AVAILABLE DATA
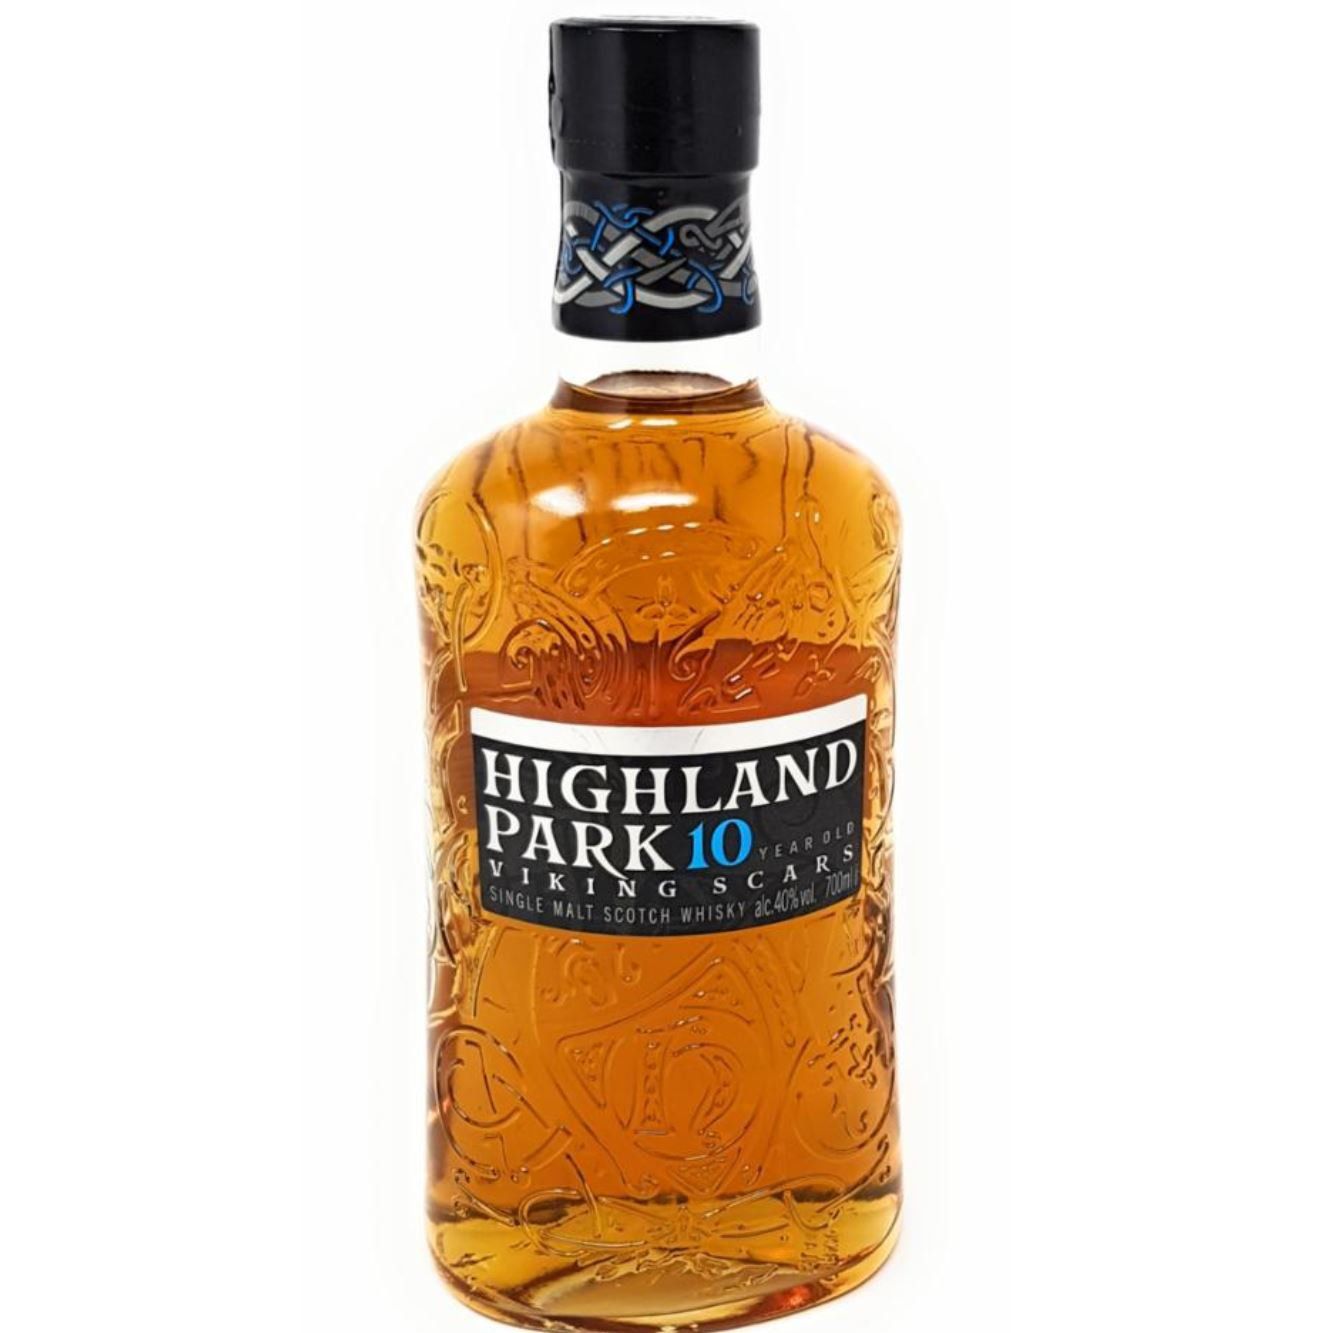 Ausverkauft! Highland Park 10 Years Old Single Malt Scotch Whisky für 29,99€ (statt 38€)
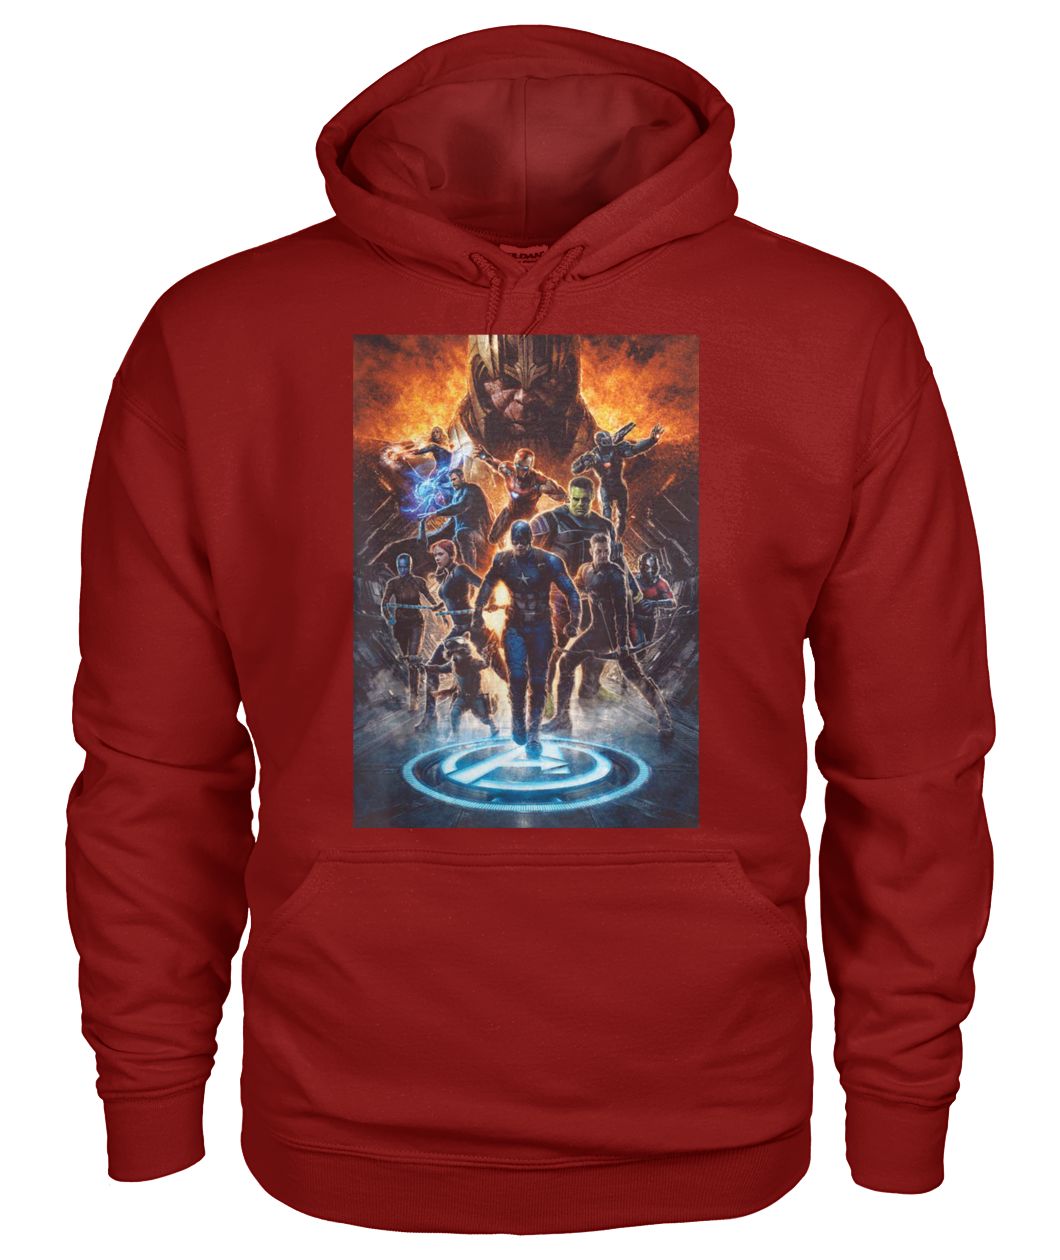 Marvel avengers endgame earth's mightiest heroes gildan hoodie
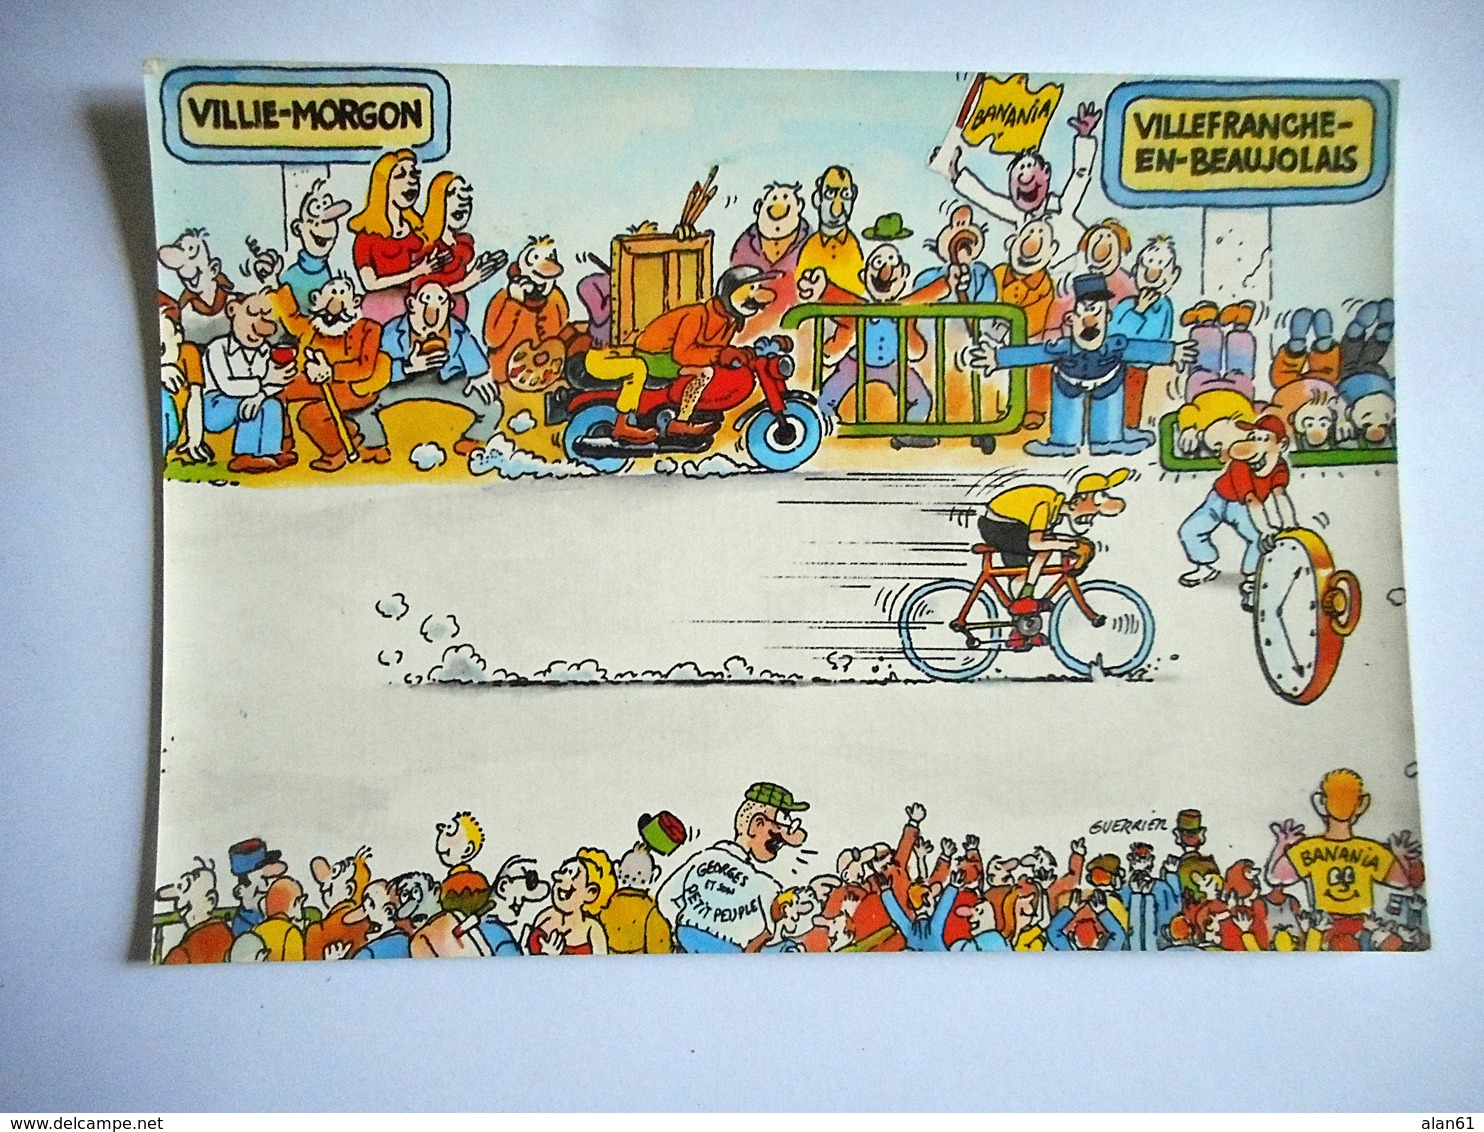 CPM TOUR DE FRANCE 1984 22 EME ETAPE VILLIE MORGON VILLEFRANCHE EN BEAUJOLAIS Pub BANANIA - Radsport

PROBLEM REQUIREMENTS
Set down word for word each line from the one containing "Marvel avengers endgame" through the end of the material, and keep the pictures out of it.

REPLY
 Marvel avengers endgame earth's mightiest heroes gildan hoodie
 CPM TOUR DE FRANCE 1984 22 EME ETAPE VILLIE MORGON VILLEFRANCHE EN BEAUJOLAIS Pub BANANIA - Radsport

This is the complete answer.